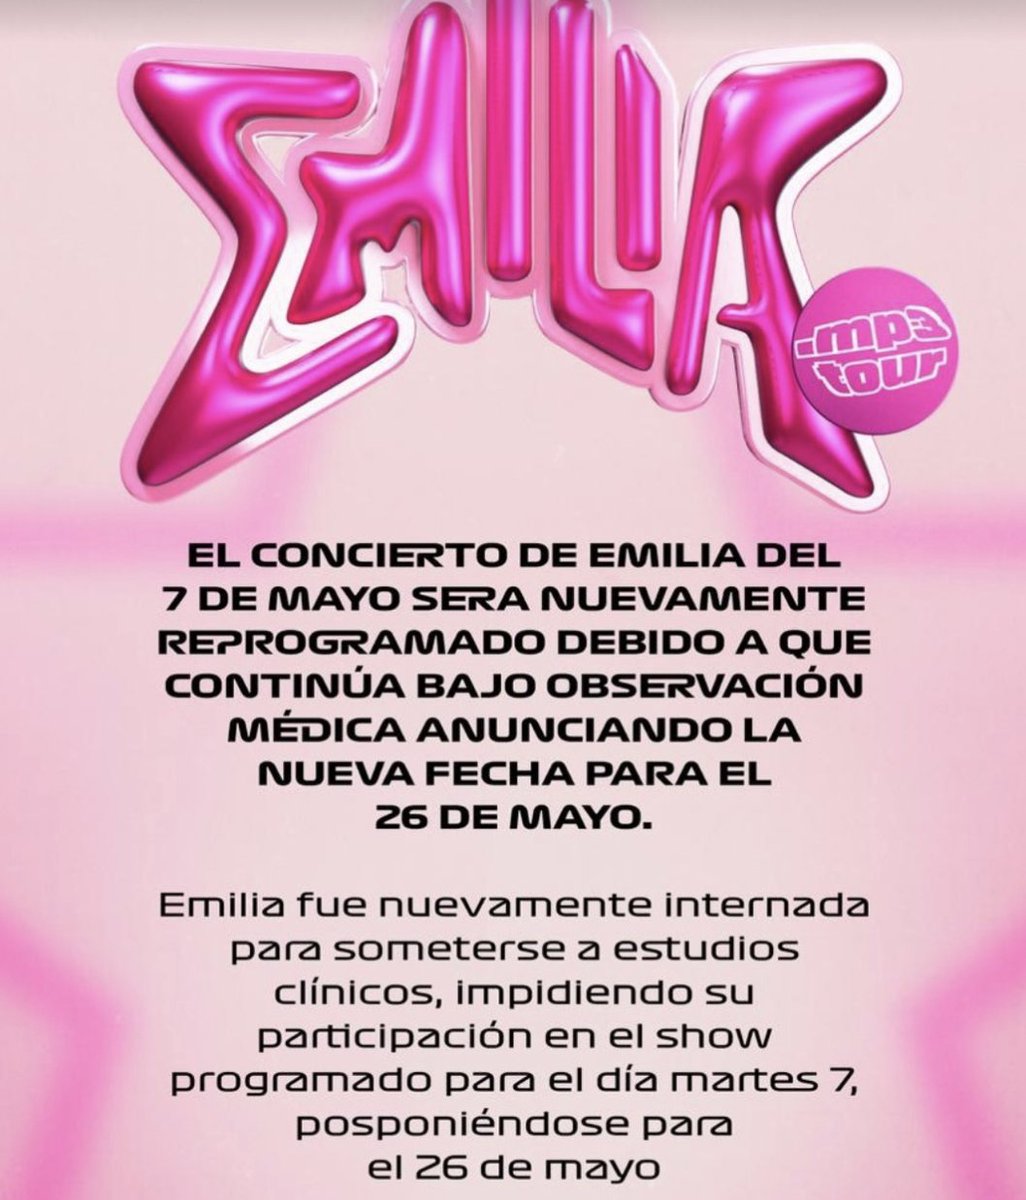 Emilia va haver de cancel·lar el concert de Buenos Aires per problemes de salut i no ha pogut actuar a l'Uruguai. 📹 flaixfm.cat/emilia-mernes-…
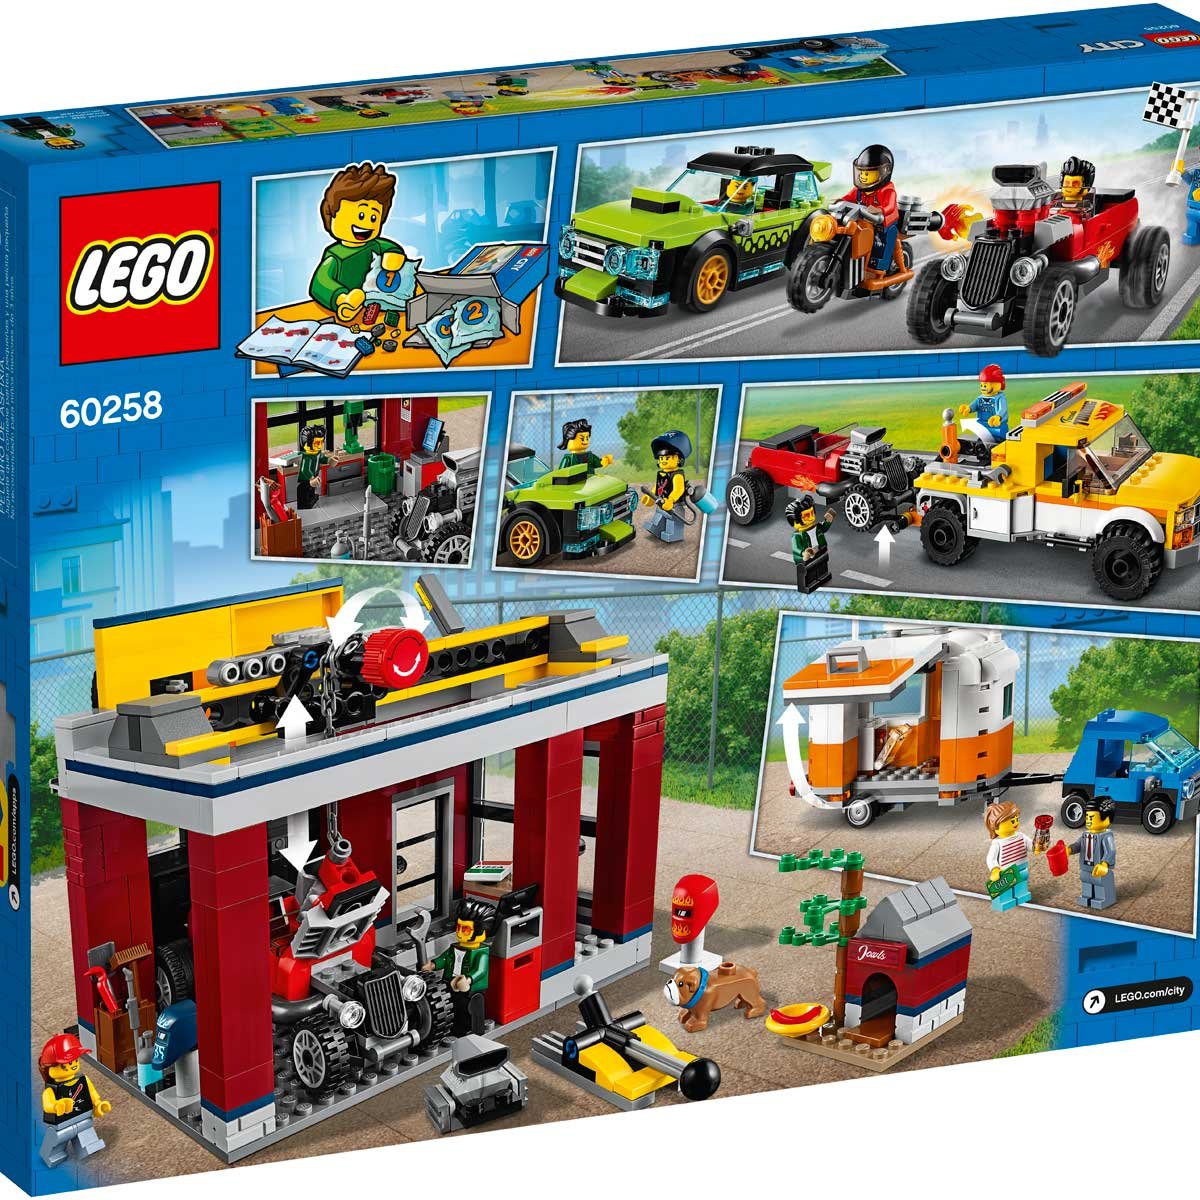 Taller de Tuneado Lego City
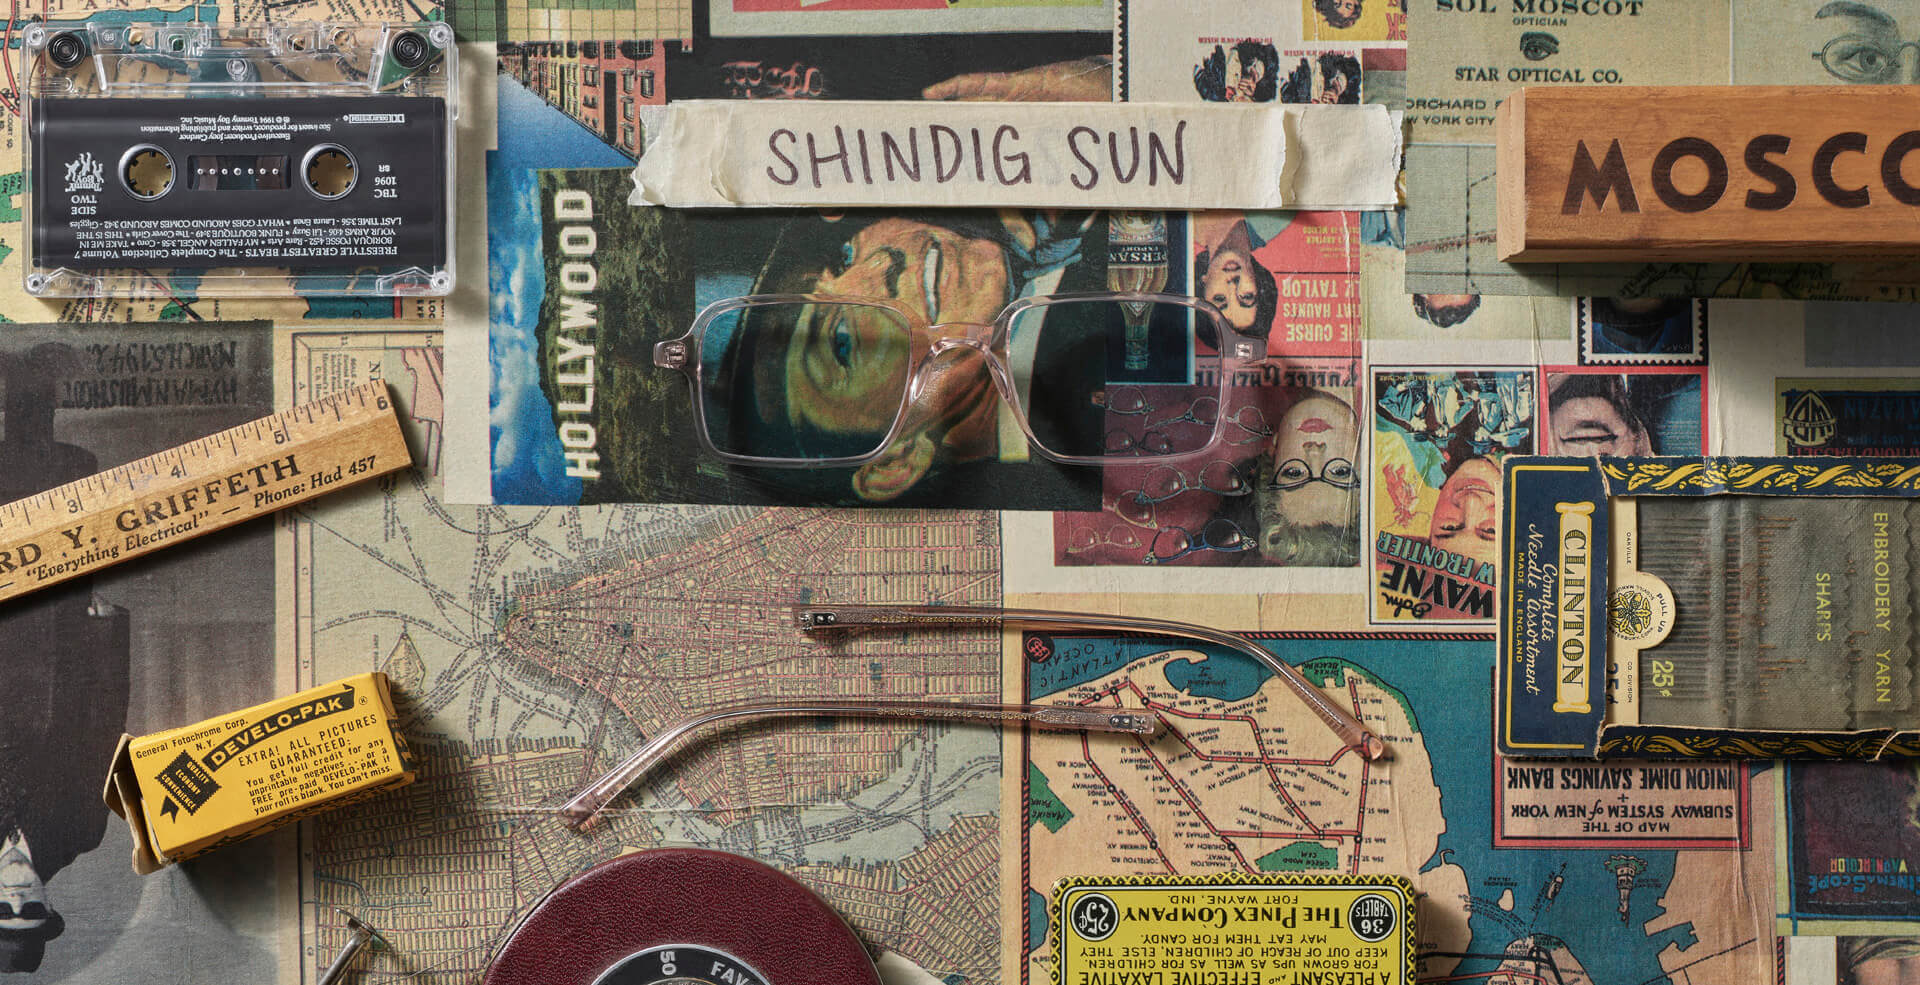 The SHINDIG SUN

### Work request
Return each line above word for word. Skip the pictures.

### Result
 Emilia va haver de cancel·lar el concert de Buenos Aires per problemes de salut i no ha pogut actuar a l'Uruguai. 📹 flaixfm.cat/emilia-mernes-…
 Taller de Tuneado Lego City
 The SHINDIG SUN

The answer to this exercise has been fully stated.